Artificial Intelligence (AI) programs have proven they “know when to hold ’em, and when to fold ’em,” AIs have long dominated games such as chess, and last year conquered Go, but they have made relatively lousy poker players. In DeepStack, researchers have broken their poker losing streak by combining new algorithms and deep machine learning, a form of computer science that in some ways mimics the human brain, allowing machines to teach themselves.
“It’s a … a scalable approach to dealing with [complex information] that could quickly make a very good decision even better than people,” said Murray Campbell then, a senior researcher at IBM in Armonk, New York.
This has been until last year as recently, scientists observed that Libratus, the artificial intelligence – that defeated four top professional poker players this year, uses a three-pronged approach to master a game with more decision points than atoms in the universe. Researchers from the Carnegie Mellon University in the US detailed about how their AI was able to achieve superhuman performance by breaking the game into computationally manageable parts and, based on its opponents’ game play, fix potential weaknesses in its strategy during the competition which was quoted in a case study that got published in the journal Science.
Poker players, contend with hidden information – what cards their opponents hold and whether an opponent is bluffing. In a 20-day competition involving 120,000 hands at Rivers Casino in Pittsburgh in January, Libratus became the first AI to defeat top human players at head’s up no-limit Texas Hold’em Poker – the primary benchmark and long-standing challenge problem for imperfect-information game-solving by AIs. It collectively amassed more than USD 1.8 million in chips.
According to the researchers, “The techniques in Libratus do not use expert domain knowledge or human data and are not specific to poker. Thus, they apply to a host of imperfect-information games.”
Libratus includes three main modules, the first of which computes an abstraction of the game that is smaller and easier to solve than by considering all possible decision points – about 10 multiplied 161 times – in the game. It creates its own detailed strategy for the early rounds of Texas Hold’em and a strategy for the later round which is called the blueprint strategy.
The study marks that, “The techniques that are developed and are largely domain independent can thus be applied to other strategic imperfect-information interactions, including non-recreational applications.”

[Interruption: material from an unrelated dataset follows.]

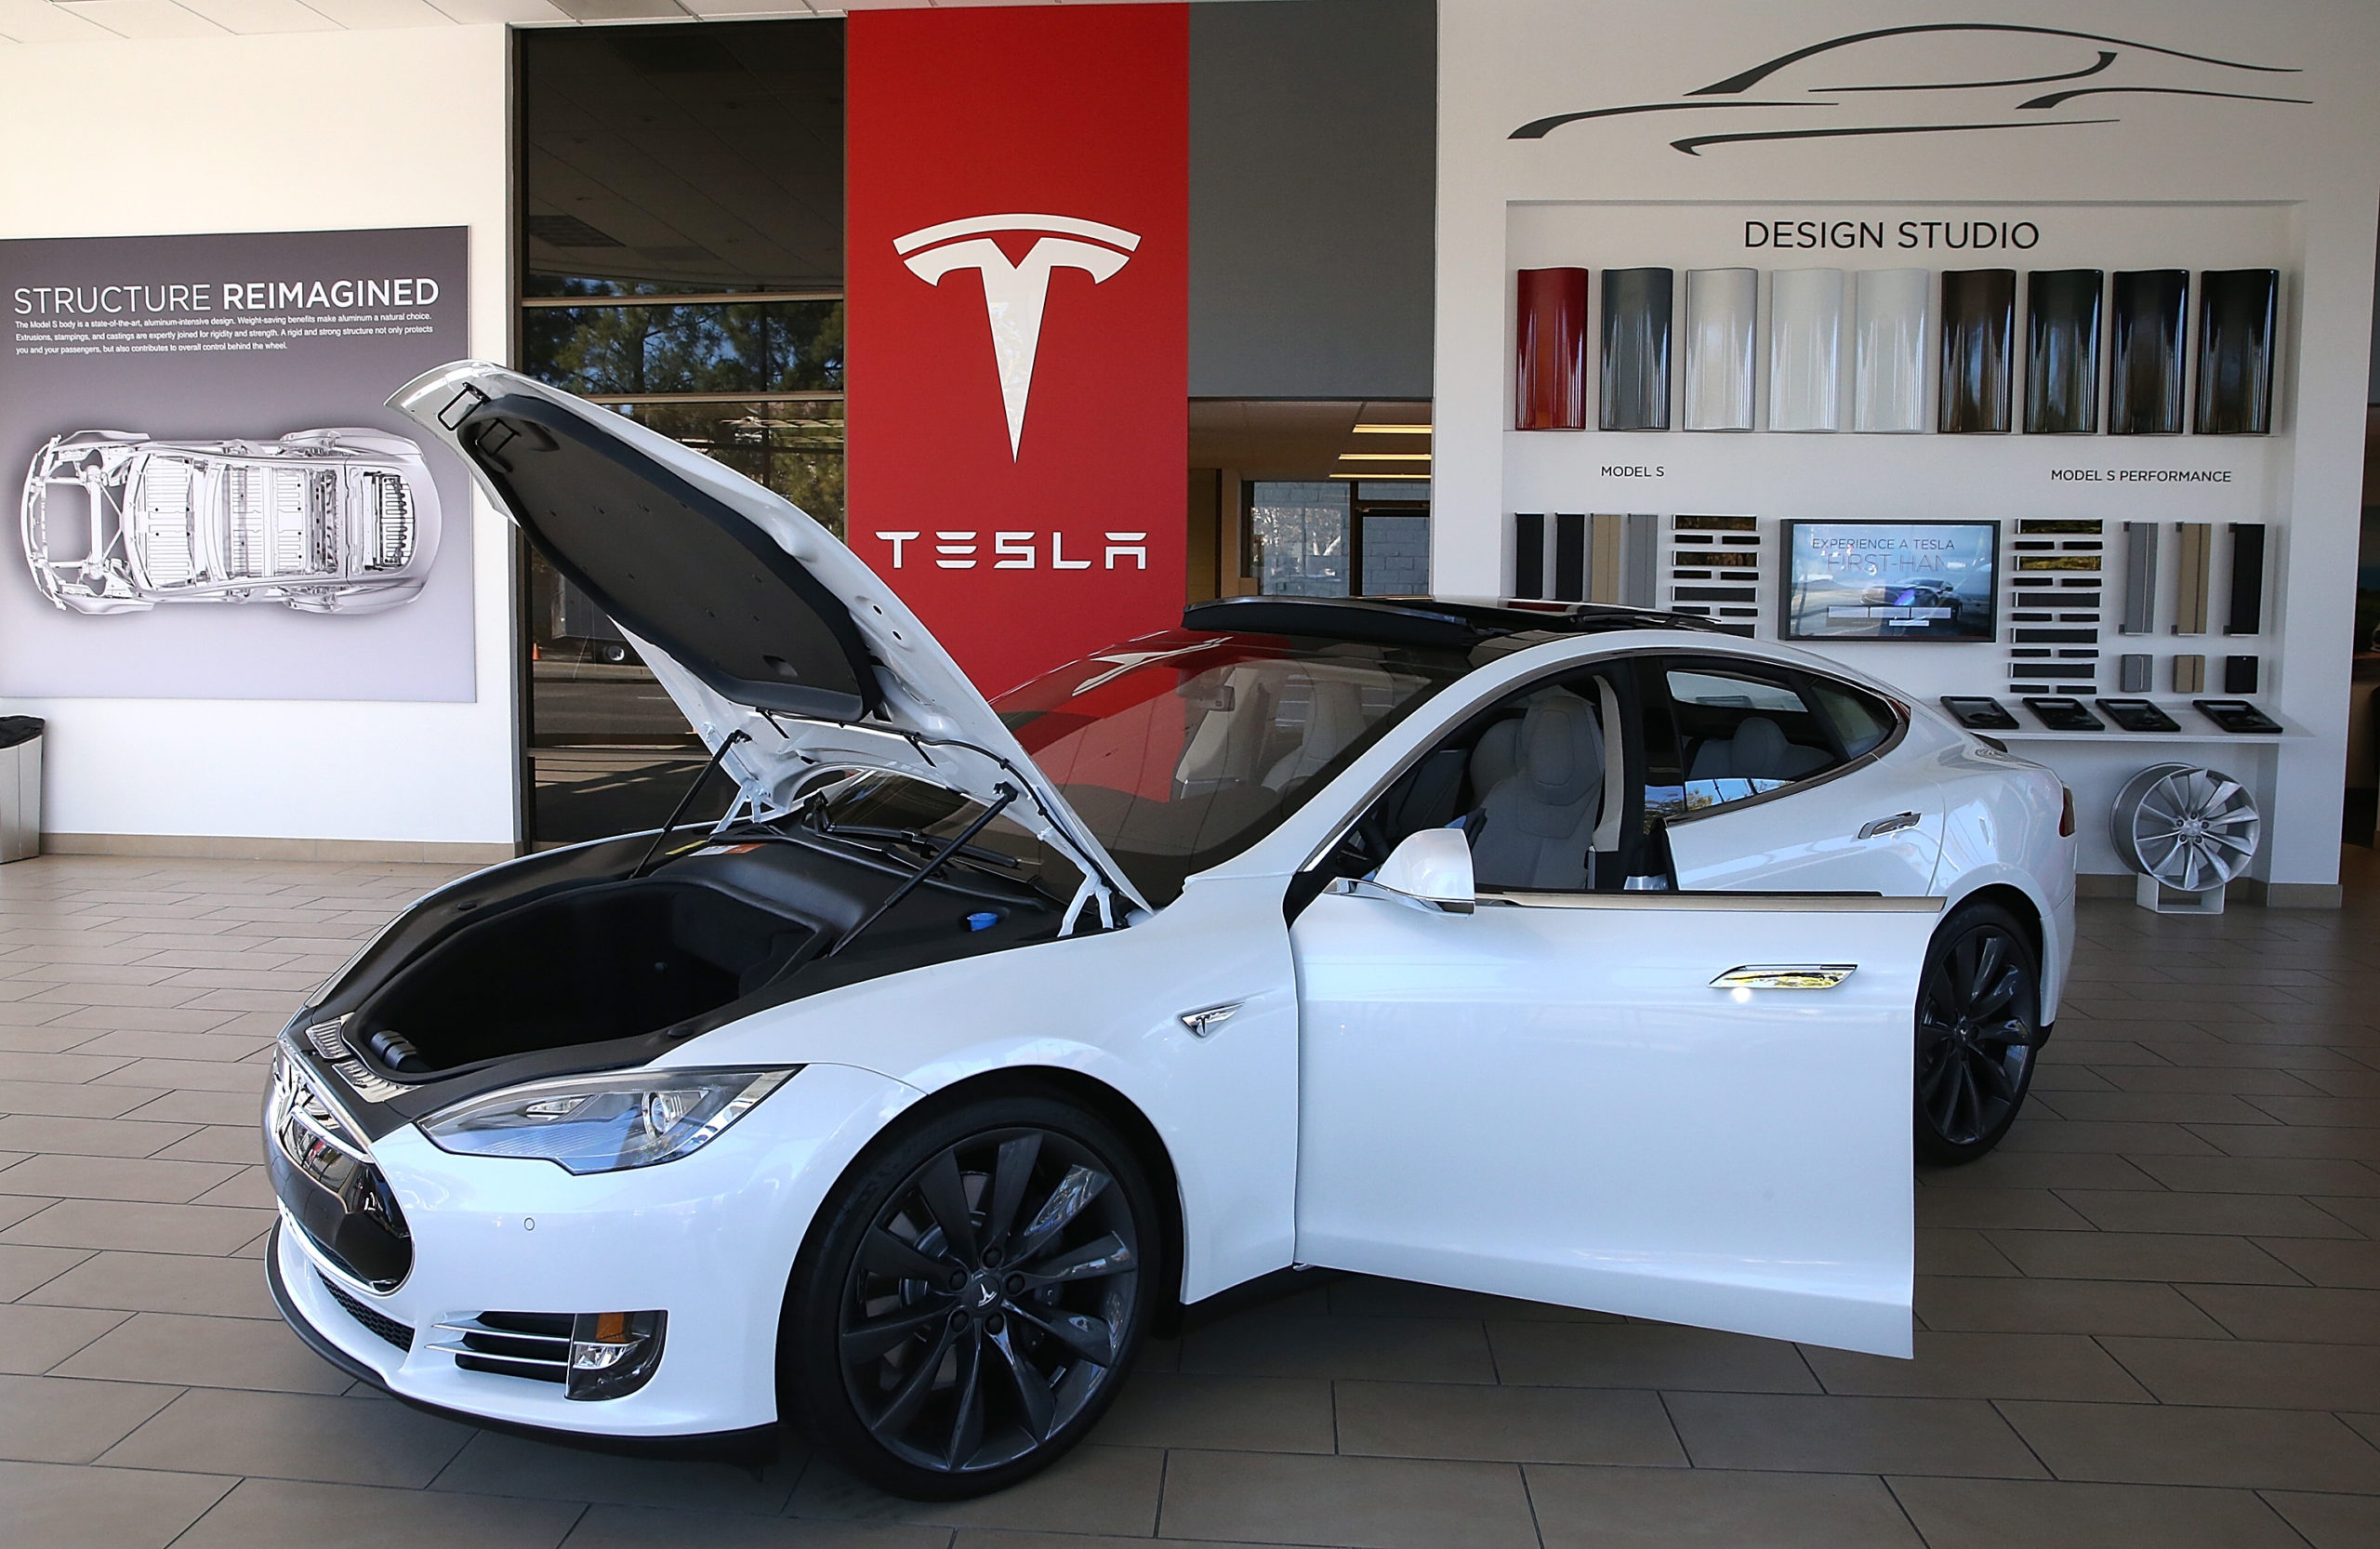 A Tesla Model S car is displayed at a Tesla showroom on November 5, 2013 in Palo Alto, California. (Photo by Justin Sullivan/Getty Images)

The second module constructs a new, finer-grained abstraction based on the state of play which also computes a strategy for sub-game in real-time and balances strategies across different sub-games by using the blueprint strategy for guiding something to achieve safe sub- game solving. And the third module, is designed to improve the blueprint strategy as competition proceeds. Typically, AIs use machine learning to find mistakes in the opponent’s strategy and exploit them.
However, this exploits the AI if the opponent shifts their strategy, said Sandholm.
“Due to the ubiquity of hidden information in real-world strategic interactions, we believe the paradigm introduced in Libratus will be critical to the future growth and widespread application of AI,” they said. Also, Libratus’ self-improver module analyses opponents’ bet sizes to detect potential holes in Libratus’ blueprint strategy. Hence, they added the missing decision branches that computes strategies for them and adds to the blueprint.